Recognizing these common characteristics, Judge, now Justice, Blackmun, writing for the Eighth Circuit Court of Appeals in Holdridge v. United States, 282 F.2d 302 (8th Cir.1960), addressed the due process aspect of strict liability malum prohibitum crimes.
From these cases emerges the proposition that where a federal criminal statute omits mention of intent and where it seems to involve what is basically matter of policy, where the standard imposed is, under the circumstances, reasonable and adherence thereto properly expected of a person, where the penalty is relatively small, where conviction does not gravely besmirch, where the statutory crime is not one taken over from the common law, and where congressional purpose is supporting, the statute can be construed as one not requiring criminal intent. The elimination of this element is then not violative of the due process clause.
Holdridge, 282 F.2d at 310 (Emphasis added).
Initially, this Court concludes that 16 U.S.C.A. Sections 703, 707(a) meets the relevant criteria as stated by Judge Blackmun. Section 707(a), the misdemeanor penalty provision, contains no mention of intent. Its purpose, to protect migratory birds, is a matter of pervasive public policy. The penalty is relatively small (a fine not exceeding $500 or imprisonment not exceeding one year or both). Conviction would not do grave damage to a defendant's reputation. Nor is it a crime which was taken over from the common law. In addition, the requirements of the statute are not unreasonable in light of congressional policy in this area. Holdridge then compels the conclusion that the elimination of criminal intent in Section 707(a) is not violative of due process. Id. In this Court's judgment, however, Section 707(b) does not meet this criteria.
Section 707(b) is a felony penalty provision without mention of criminal intent and with a maximum sentence of two years imprisonment or $2,000 fine or both. This is not, in this Court's mind, a relatively small penalty. Furthermore, it simply cannot be said that a felony conviction of this nature does not "gravely besmirch." As pointed out in defense counsel's original brief at page 12, "(i)f convicted of a felony, (defendant) will lose his right to vote, his right to sit on a jury, and his right to possess a gun, among other (civil) rights, for the rest of his life." There can be no question but that a felony conviction irreparably damages a person's reputation in this respect.

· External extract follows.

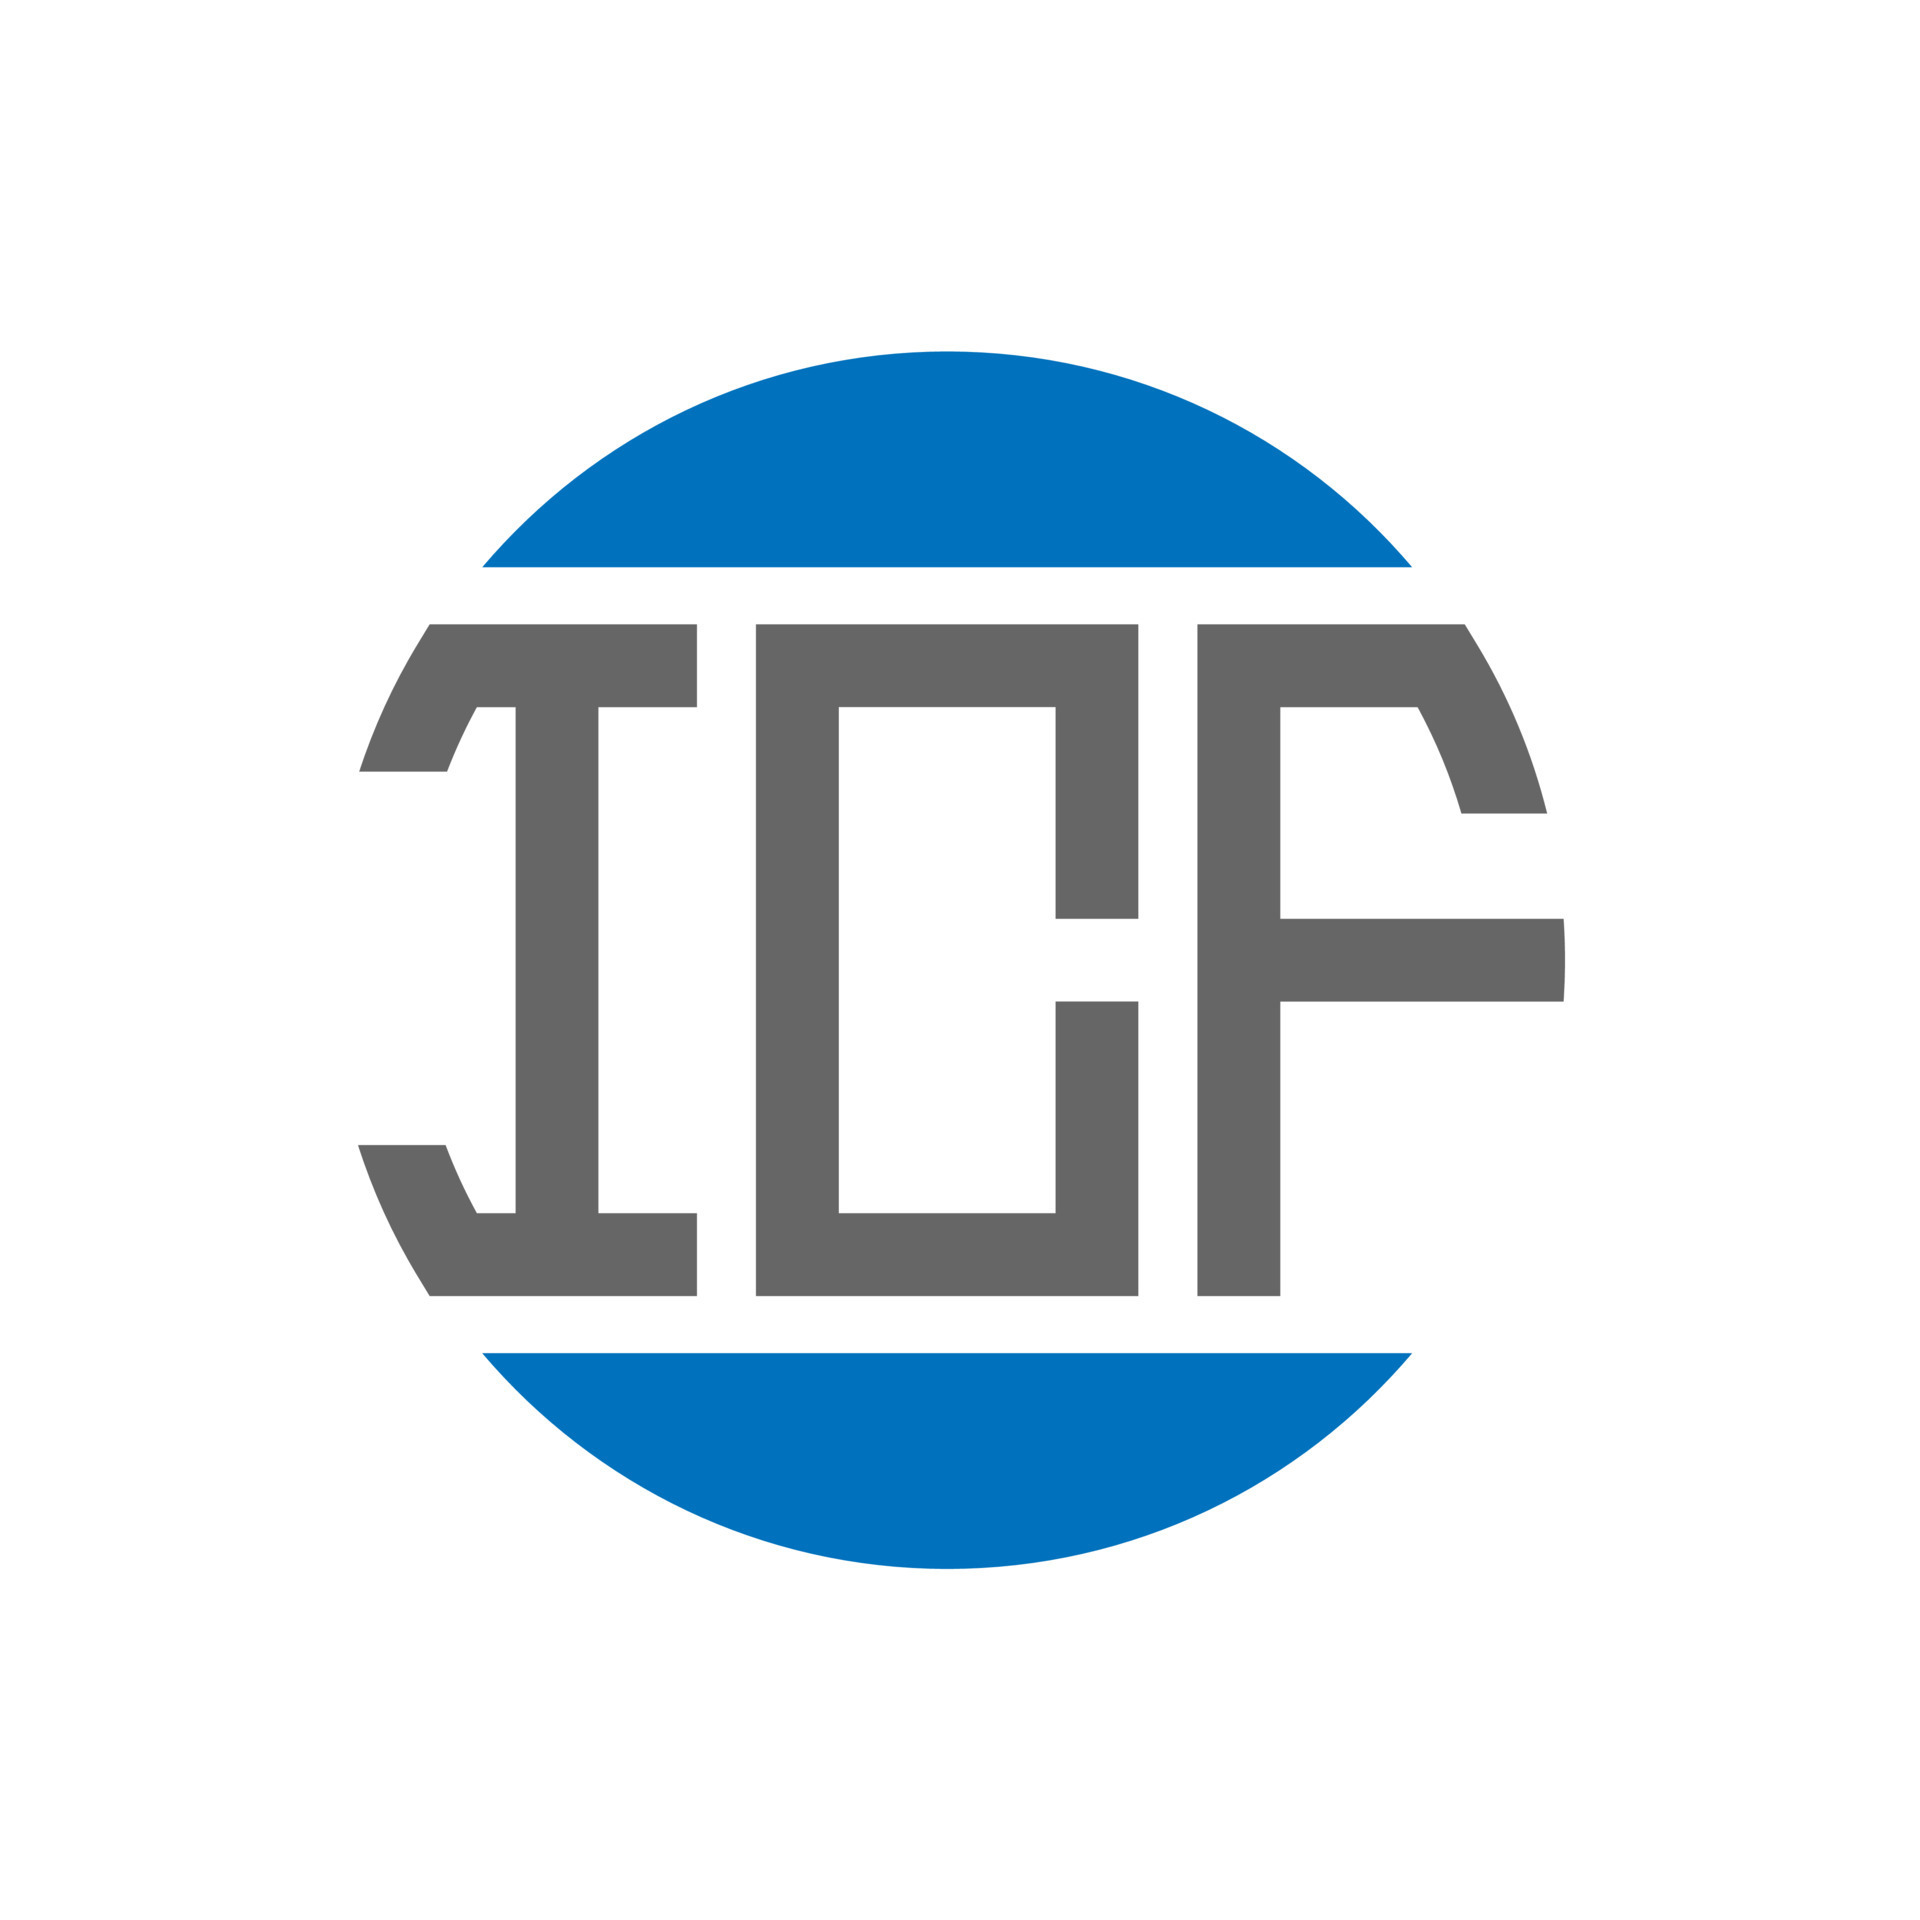 Block ICF Logo by Md Nuruzzaman on Dribbble

Because the MBTA, 16 U.S.C.A. Sections 703, 707(b), does not require any degree of criminal intent, Rogers, 367 F.2d at 1001, and because Section 707(b) does not meet the relevant criteria enunciated by Judge Blackmun in Holdridge, this Court has no alternative but to find Section 707(b) violative of due process of law. 282 F.2d at 310. Cf. United States v. Ayo-Gonzalez, 536 F.2d 652 (5th Cir.1976) (culpability under 16 U.S.C. Section 1081 for illegally fishing in U.S. contiguous fishing zone is neither statutorily nor constitutionally necessary); United States v. Heller, 579 F.2d 990 (6th Cir.1978) (18 U.S.C. Section 875(a) requires criminal intent to transmit in interstate commerce communication containing demand for ransom); United States v. Margraf, 483 F.2d 708 (3rd Cir.1973) (no intent required under 42 U.S.C. Section 1472(1), attempting to carry concealed deadly weapon aboard aircraft). As the Sixth Circuit Court of Appeals observed, "(c)ertainly, if Congress attempted to define a malum prohibitum offense that placed an onerous stigma on an offender's reputation and that carried a severe penalty, the Constitution would be offended ... Heller, 579 F.2d at 994. Such is the situation in the case at bar.
Accordingly, it is hereby
ORDERED that if Defendant is convicted of a violation of 16 U.S.C.A. Section 703, this Court will sentence under the penalty of Section 707(a).